**Dataset excerpt:**
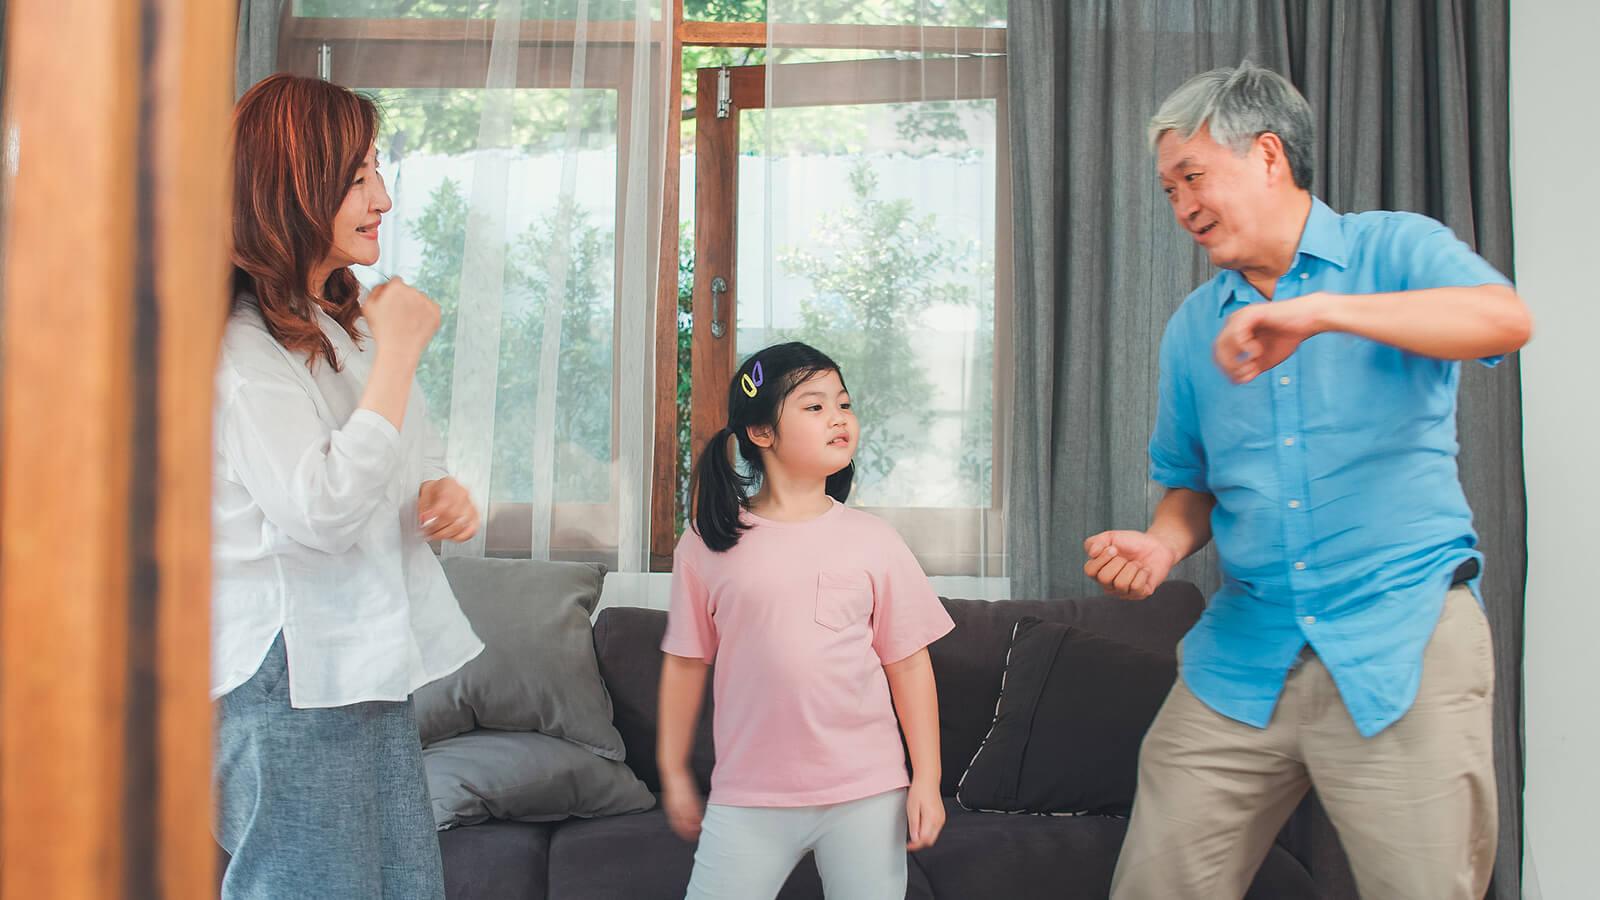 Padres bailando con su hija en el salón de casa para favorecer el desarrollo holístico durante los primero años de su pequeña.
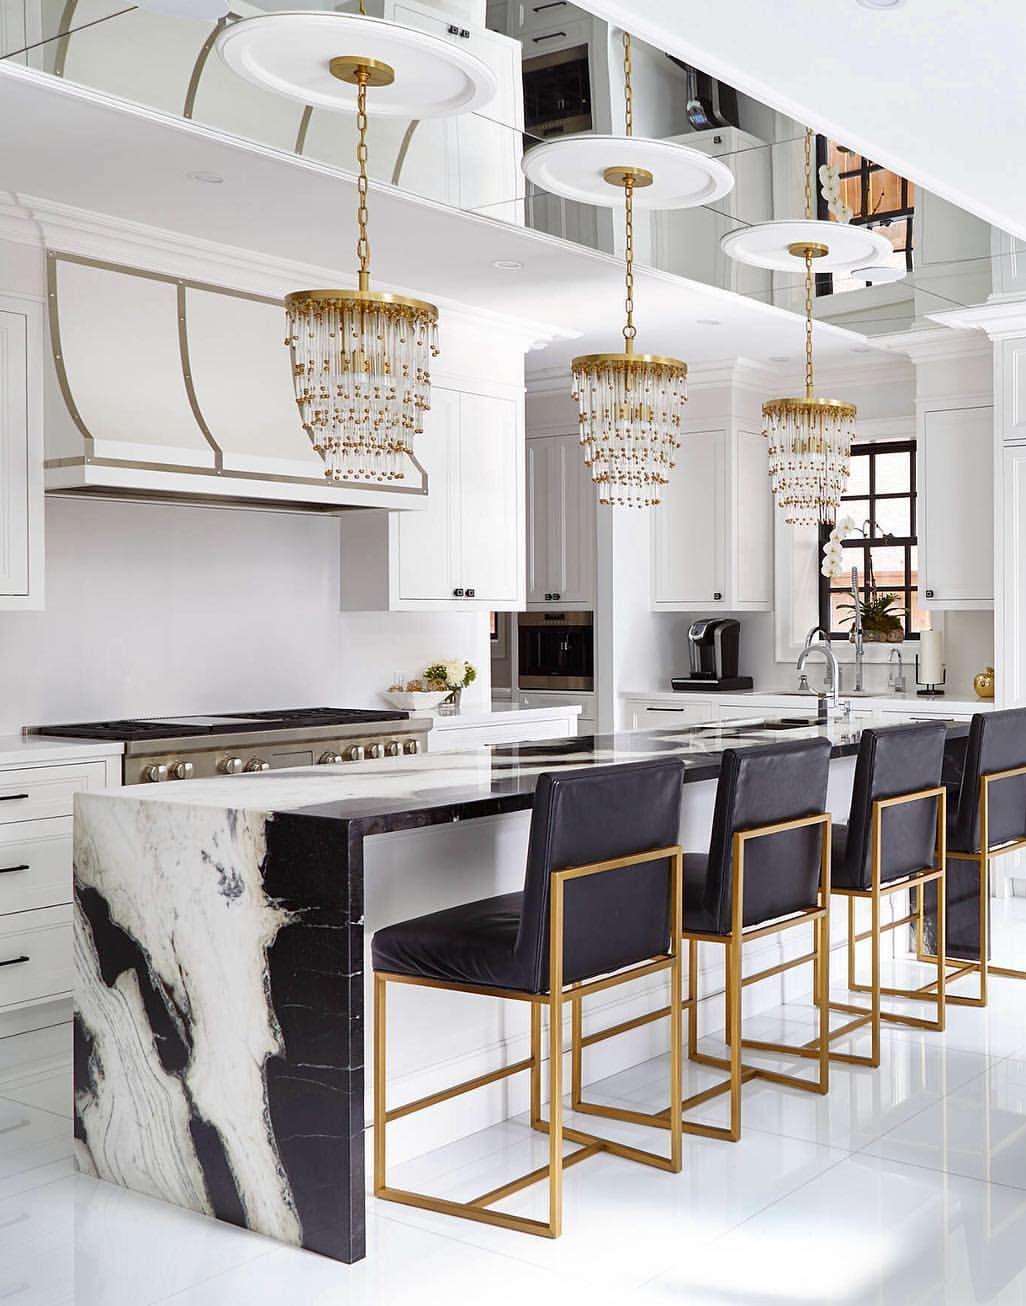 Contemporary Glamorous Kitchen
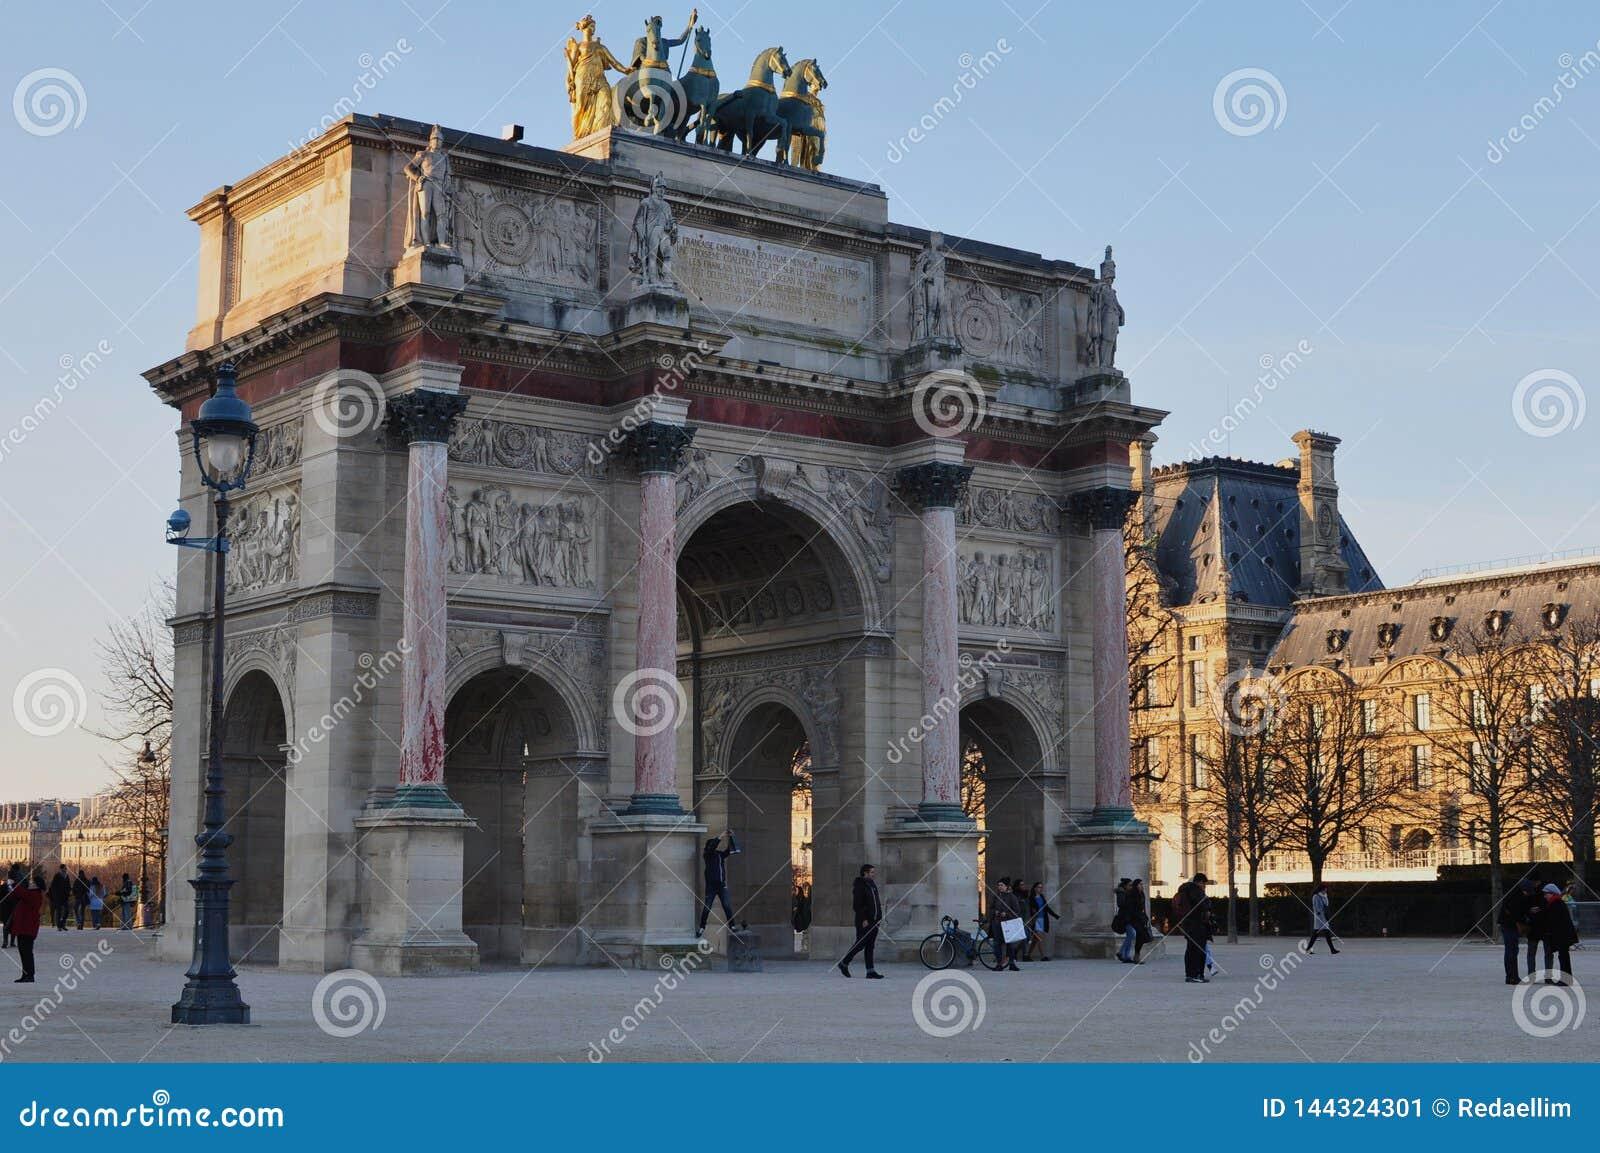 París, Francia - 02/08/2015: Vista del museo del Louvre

**What you have to do:** Go back to the line that contains "Contemporary Glamorous Kitchen" and copy it, along with each line after it through the end of the listing above, exactly and without pictures.

**Solution to the exercise:**
 Contemporary Glamorous Kitchen
 París, Francia - 02/08/2015: Vista del museo del Louvre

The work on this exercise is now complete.